Even if animal fats were the best frying fats, this wouldnt turn  doughnuts into "health food" and french fries into raw carrot sticks.

If you "liked" the SuppVersity on Facebook (www.facebook.com/SuppVersity) you will probably already have seen the controversies and questions my post "Scientists on the Quest for the Perfect Frying Oil" (read more) has triggered. Eventually, it all revolves about yet another of those nutritional wisdoms thats circulating on the Internet: "Ghee, tallow, lard, ... saturated animal fats and the coconut micacle, of course, are the best and only frying oils you should use." (next best Internet source)

How on earth could F. Aladedunye, and R. Przybylski, the authors of the previously cited study even dare stating that high-oleic low-linolenic rapeseed, high-oleic sunflower oils are good frying oils?

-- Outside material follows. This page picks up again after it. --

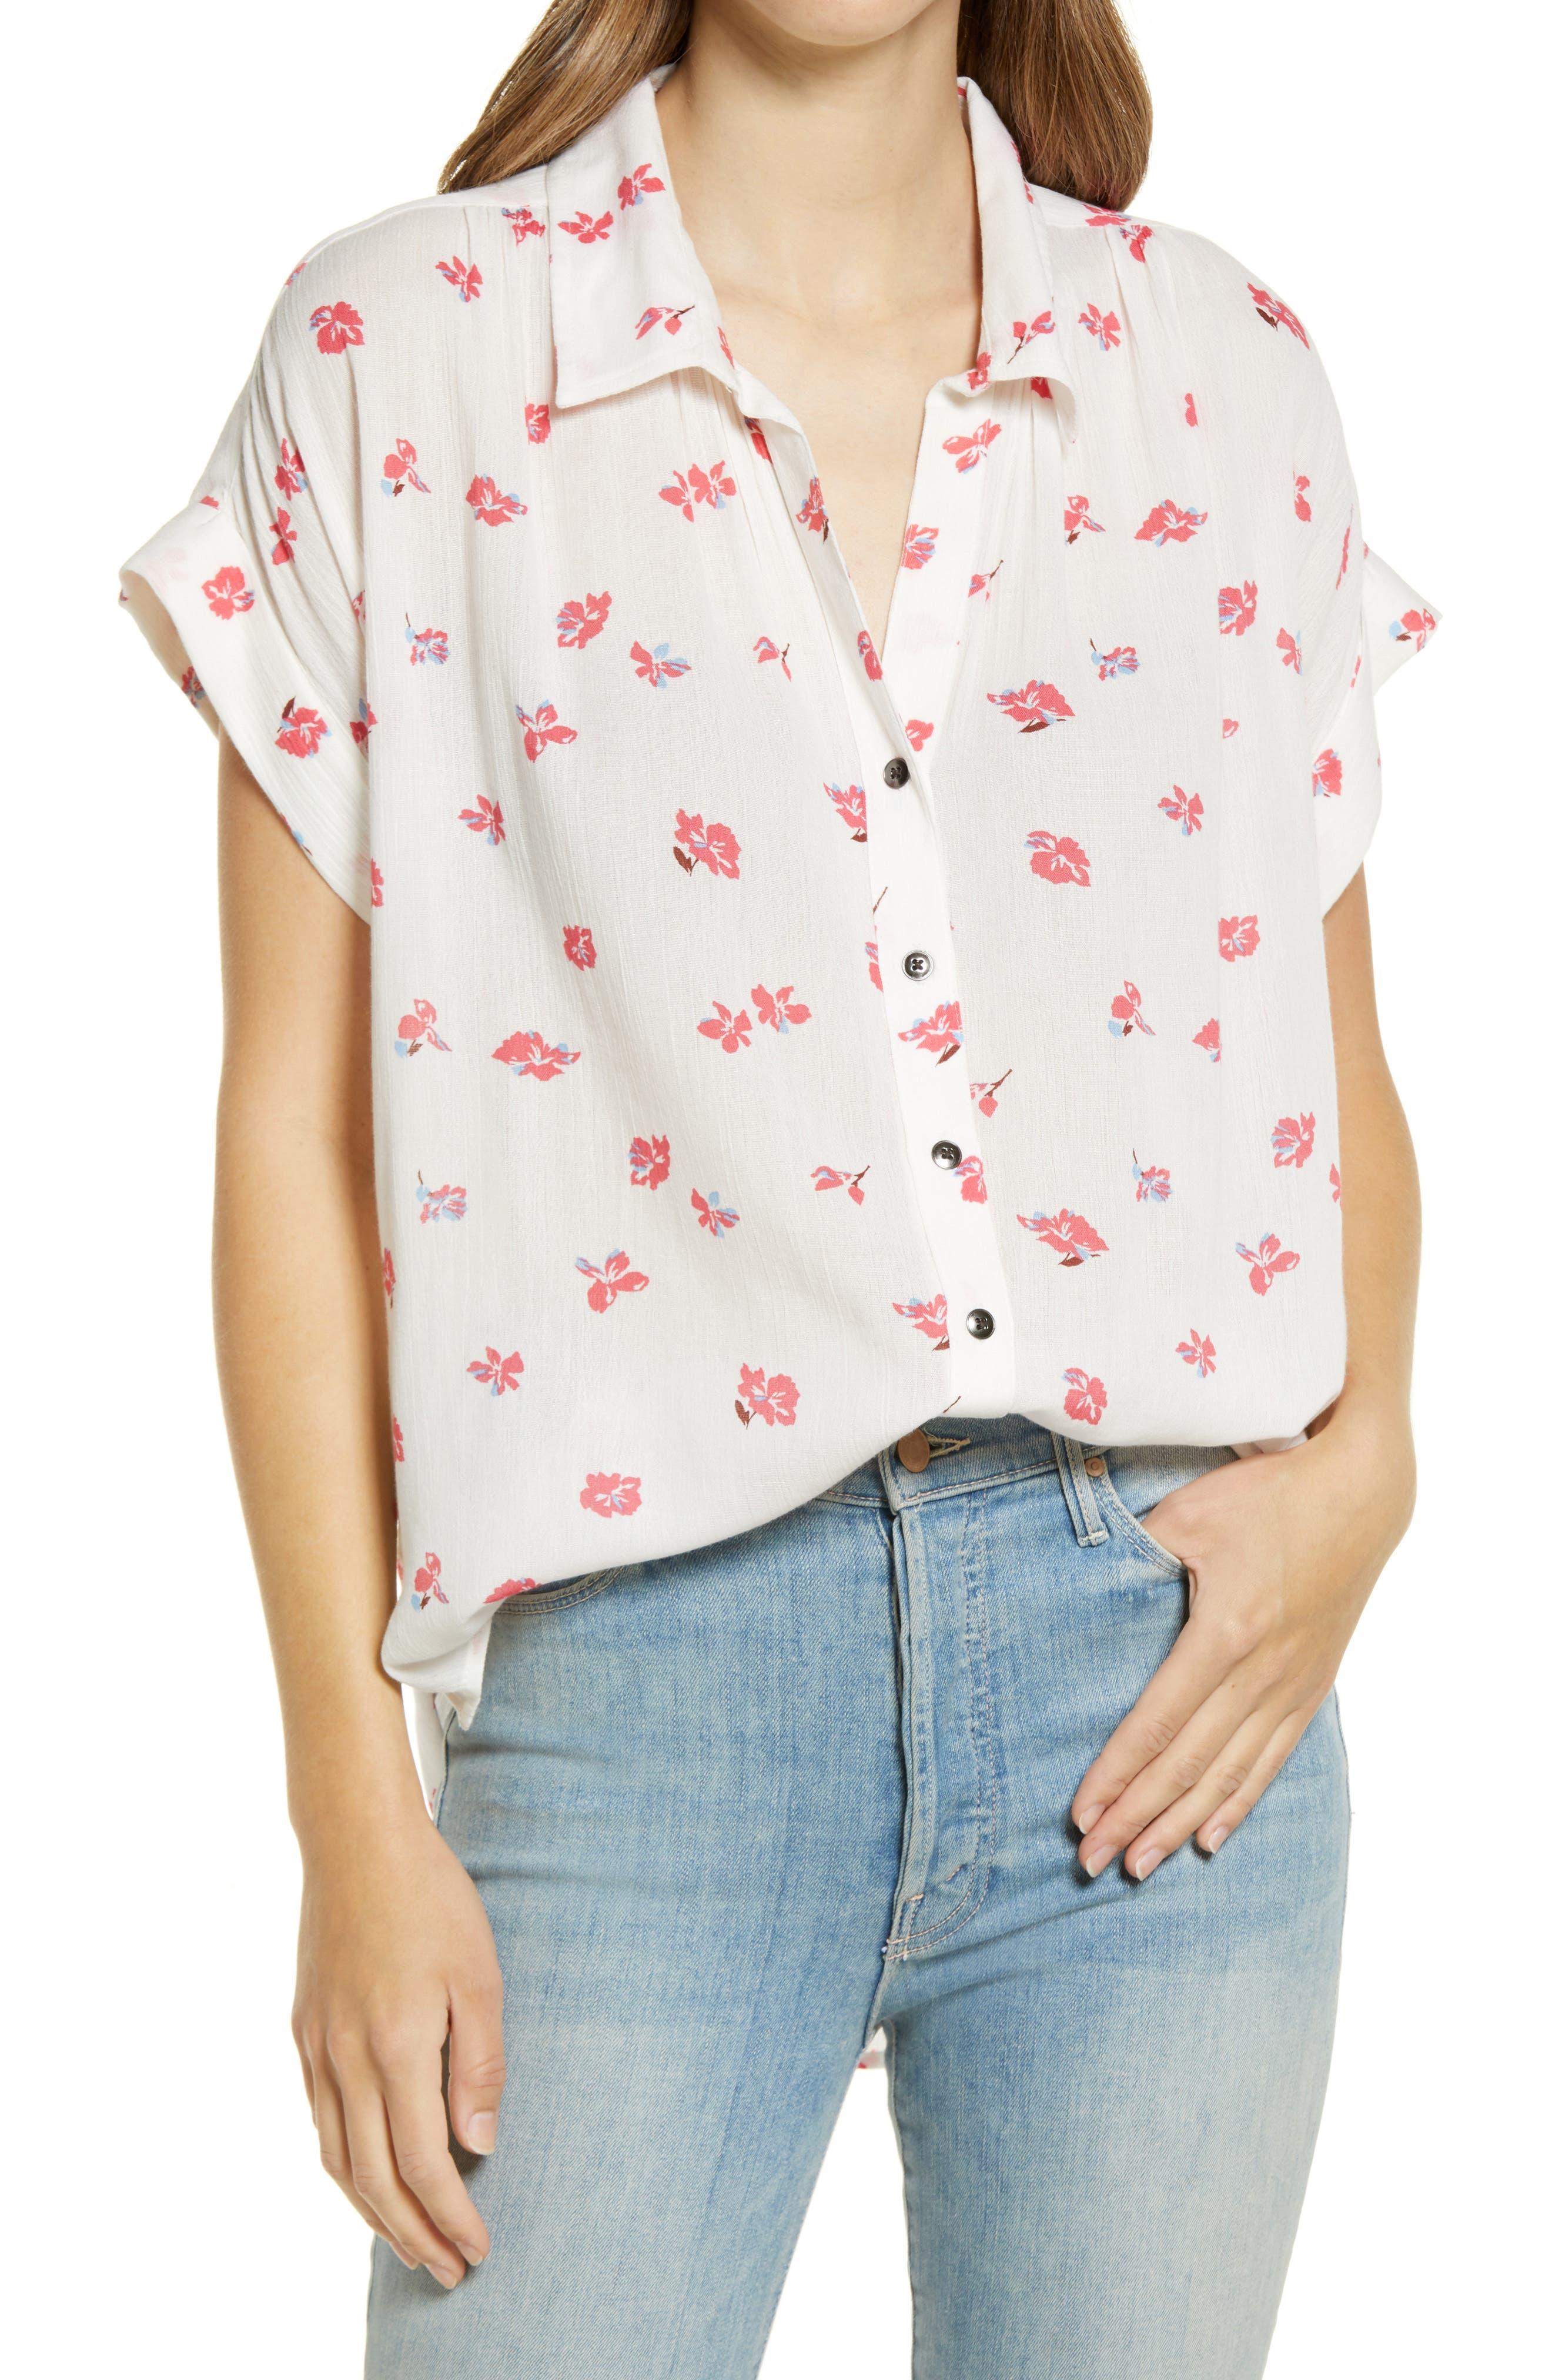 Plus Size Women's Caslon Floral Print Summer Crepe Camp Shirt

But enough of the sarcasm: In todays installment of "True or False" (read previous installments) we will focus solely on the cholesterol-containing animal fats, and save the one and only "coconut miracle" (Coconut oil - virgin, of course - must be good for everything, right? There have after all (E)-Books been written about it ;-) for another installment of this series. So, where do we start then? I guess, we could start by rendering down a big packet of butter in my frying pan... but *wtf* whats that? Its turning tar black!? Can that really be the ideal frying fat? Probably not, but if regular butter sucks, what about clarified butter aka "ghee", then? Its easier to process and there are not tarry clouds floating in the pan, when you heat it.

"But dont we all know that cholestrol aint bad for us?"

Unfortunately, there are other problems with ghee;  problems that are related to the heat-induced oxidation of cholesterol and the presence of large amounts of cholesterol oxides in commercially available "clarified butter" even before you even start heating it as it was reported by Kubow et al. in 1993 (12.3% w/w of total sterols).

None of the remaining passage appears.